Core Skills – Data Science/Machine Learning

As the culmination of my Master's program, I paired up with industry leaders to help them recommend products using machine learning. I used state-of-the-art natural language processing, advanced models and embeddings like BERT and Word2Vec, and the intuitions I honed throughout my graduate coursework to advise them on how to use the data.

A pillar of my internship project at Qualcomm was using recurrent neural networks to detect vulnerabilities (CWEs) in assembly code. I discussed a range of possible options for architectures, including LSTMs and BLSTMs, and read relevant literature on the topic of machine learning in security.

With incomplete data on noise exposure, I was challenged to approximate harm levels with just a modicum of data. This meant creating novel algorithms to extrapolate from the data I had, tailored to my specific situation. This wouldn't have been possible without understanding deeply the tools at my disposal, where the pitfalls were, and how to arrive where we did.

Taught by Professor Olexandr Isayev, we learned techniques such as Principle Component Analysis, k-means clustering, k-means++, agglomerative and divisive clustering, DBSCAN and other density-based clustering techniques, Bayesian models, linear and logistic regressions, generalized linear models, support vector machines, decision trees, ensembles, and much more.

In another course taught by Professor Isayev, I explored the whole landscape of machine learning techniques including, starting by writing my own neural networks, from scratch. I then learned about feedforward networks, convolutional neural networks and the complexities that they come with, recurrent neural networks including LSTMs and BLSTMs, many sequence to sequence models including transformers, and other topics such as graph neural networks, autoencoders, regularization, and even GANs.

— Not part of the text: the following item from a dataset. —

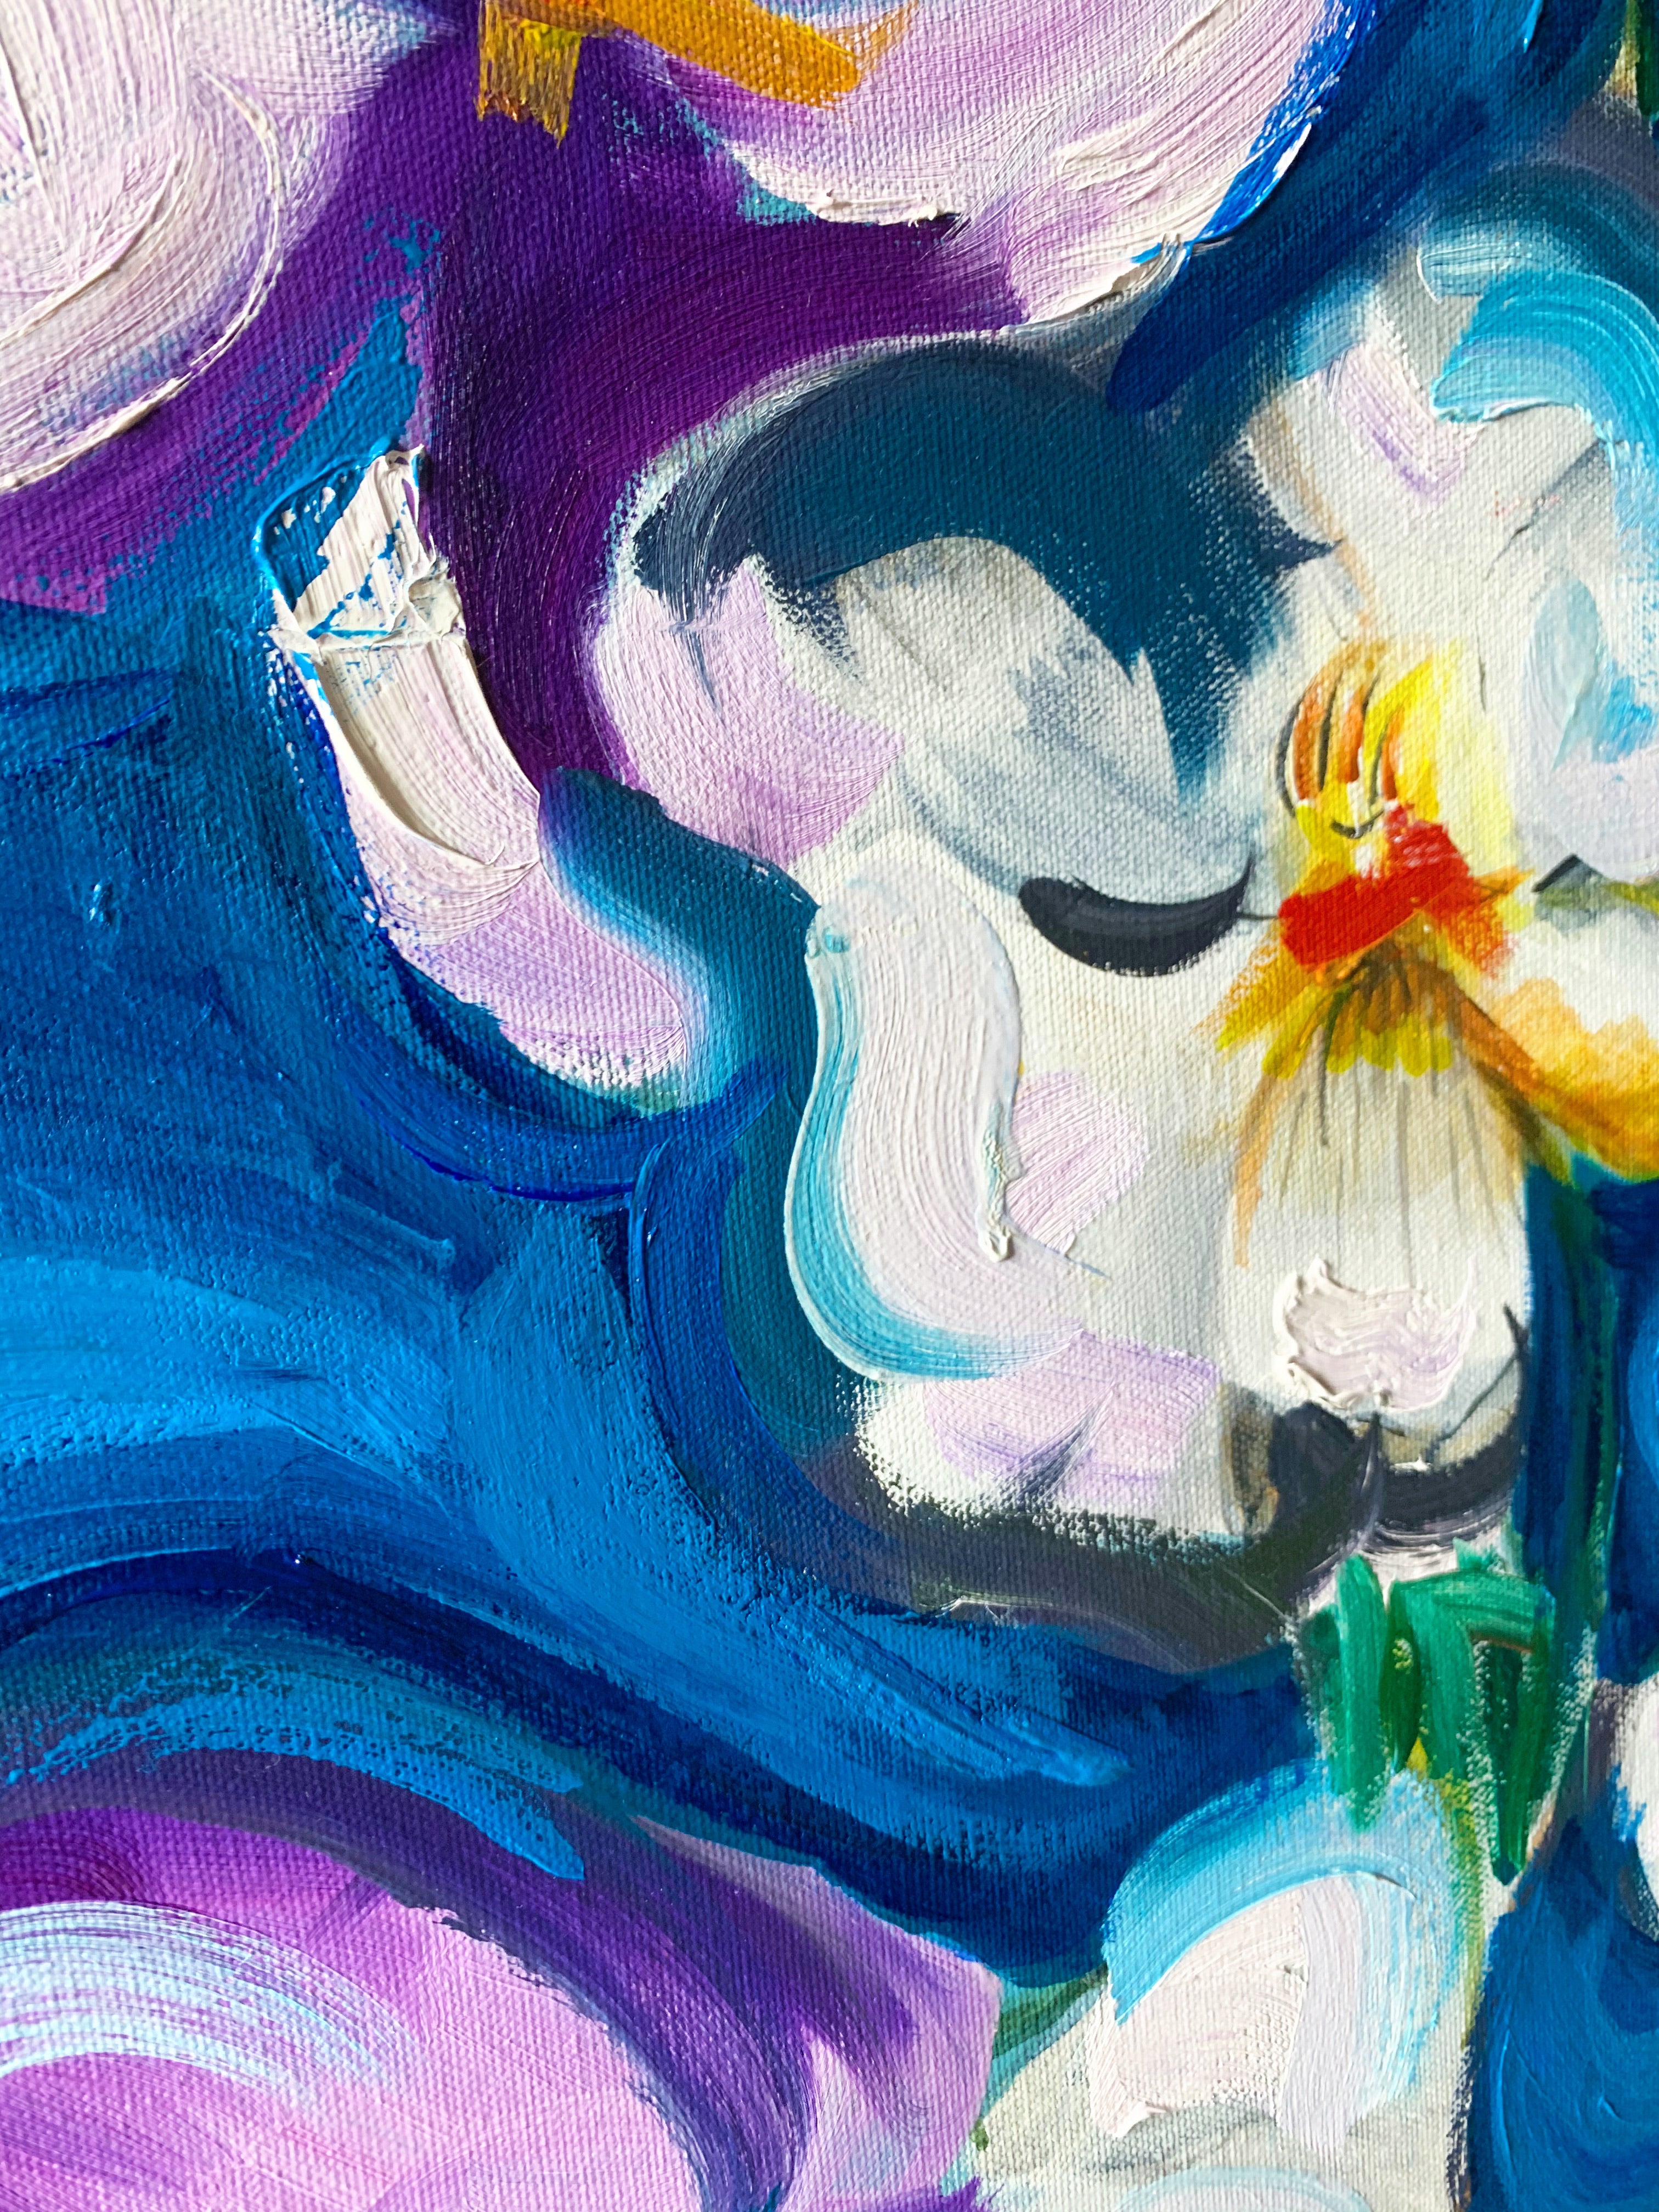 Orchids on Blue Oil Painting on Canvas.

Computer Vision took me on a tour of a burgeoning field and the difficulties it comes with. Throughout the course, I got a taste of many different techniques. We began with image processing, including filters, identifying textures, image descriptors such as FAST or BRIEF, and Fourier transforms. Next, we delved into geometry and motion, including camera models and planar homographies between them, as well as techniques for image alignment, tracking motion and flow with algorithms such as Lucas-Kanade tracking. During the latter half of the semester, we began exploring deep learning techniques, convolutional neural networks, and GANs specifically for recognition and generation problems.

As part of Carnegie Mellon's world-renowned computational biology department, Neural Computation merged deep learning concepts with the latest neuroscience research. We began with the connection between Hebbian learning and Long-Term Potentiation, then moved through topics like PCA and deep belief networks with the relevant biological background. As we moved into topics closer to deep learning, we discussed associative memory models, such as the Boltzmann machine or Hopefield networks. Through various neuroimaging techniques, we saw similarities between the way many animals interpret visual signals to the latest research in convolutional neural networks. Finally, we dug into topics such as backpropagation and reinforcement learning, and their analogs in many central nervous systems.

As part of my Master's program at Carnegie Mellon, I used the Pittsburgh Super Computing Center's new behemoth called Bridges2 to learn techniques in so-called Big Data. I employed techniques specific to clustering large datasets, reducing their dimensionality, and importantly became familiar with the widespread MPI framework, essential to efficiently parallelizing computing in data analysis.